If you are not a manager, you will be a ‘degrader’ not doing anything, being nonchalant is doing something to the environment; because you are promoting things that are degrading the environment by doing nothing,” she said.
Also, the Chief Executive Officer, GIS Consult, Ibadan, Mr David Afolayan said GIS Day 2022, has the theme ‘Biodiversity Conservation’ because plant and animal species were becoming extinct every year.
He said that the use of the Geographic Information System (GIS) has made it possible to map, monitor, model, and conserve biodiversity for present and future generations.
The GIS expert said one of the recurring themes at COP 27 was several promises but minimal results.
He lamented that the little progress made on reversing the effect of climate change has been wound back because of some realities that countries are facing due to the Russia-Ukraine war, which has disrupted the availability of fuel and the food supply chain, among other things.
The Russia and Ukraine war has changed the perception of people about the climate goal they set.
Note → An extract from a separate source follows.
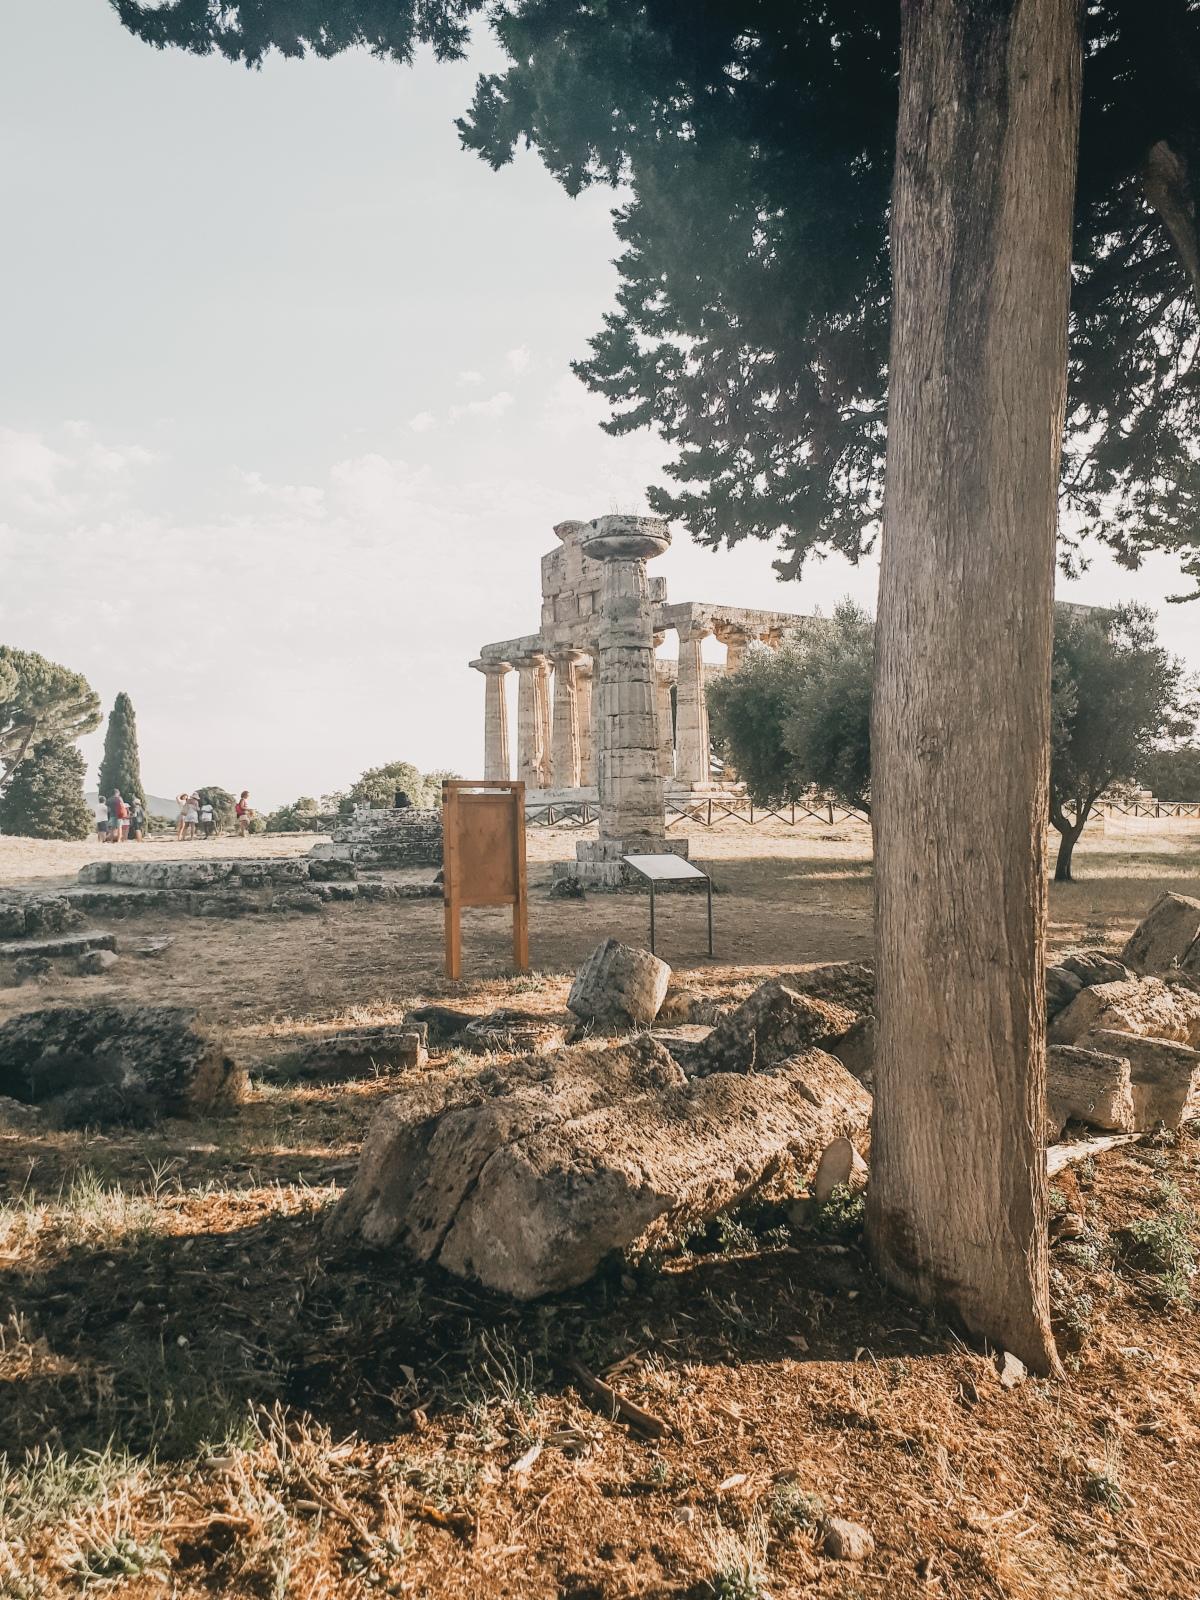 Parco archeologico Paestum, viaggio neltempo

Presidents and leaders have come to a sad reality; should we keep a promise that we don’t even know whether we are achieving or face the reality that we have to stay alive today?
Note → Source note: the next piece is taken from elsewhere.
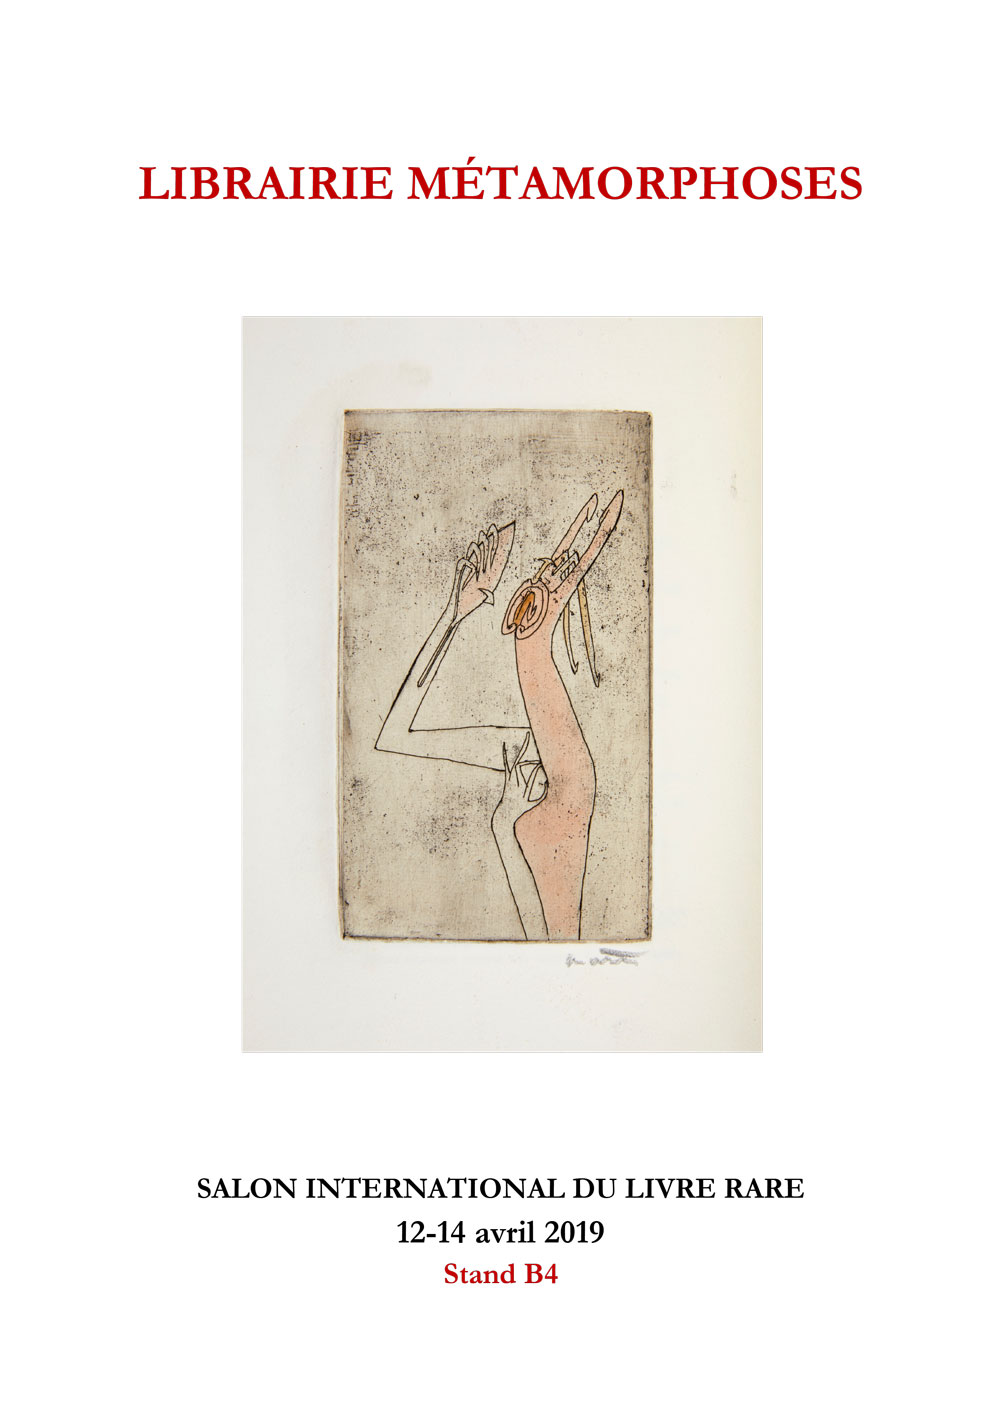 SALON INTERNATIONAL DU LIVRE RARE 2019

“European countries are at risk because they are facing winter and power is needed to warm up their homes and now there is fuel challenge, power, and gas distribution,” Afolayan said.
While inaugurating the Agro-Biodiversity Conservation (ABC) project, he said that through partnerships, the project would ensure that schools plant gardens, where endangered plants would be planted by students who would monitor the growth and challenged fertility of the soil, see the plants, and intervene to make them come back.
And in that process, the students would learn the hard truth that there is something that everyone can do and that they must monitor it to see it grow. They will plant the gardens, capture information about biodiversity and nurture a garden of endangered plants which would be a learning process which they can replicate in their home.
“The project is on the Geography Green School project, which is all about sustainable development, understanding how the earth operates and what needs to be done,” he said.
One of the participants, Ifeoluwa Ajayi-Obe, a student of the American Christian Academy said the event was an eye-opener and promised to conserve the natural world.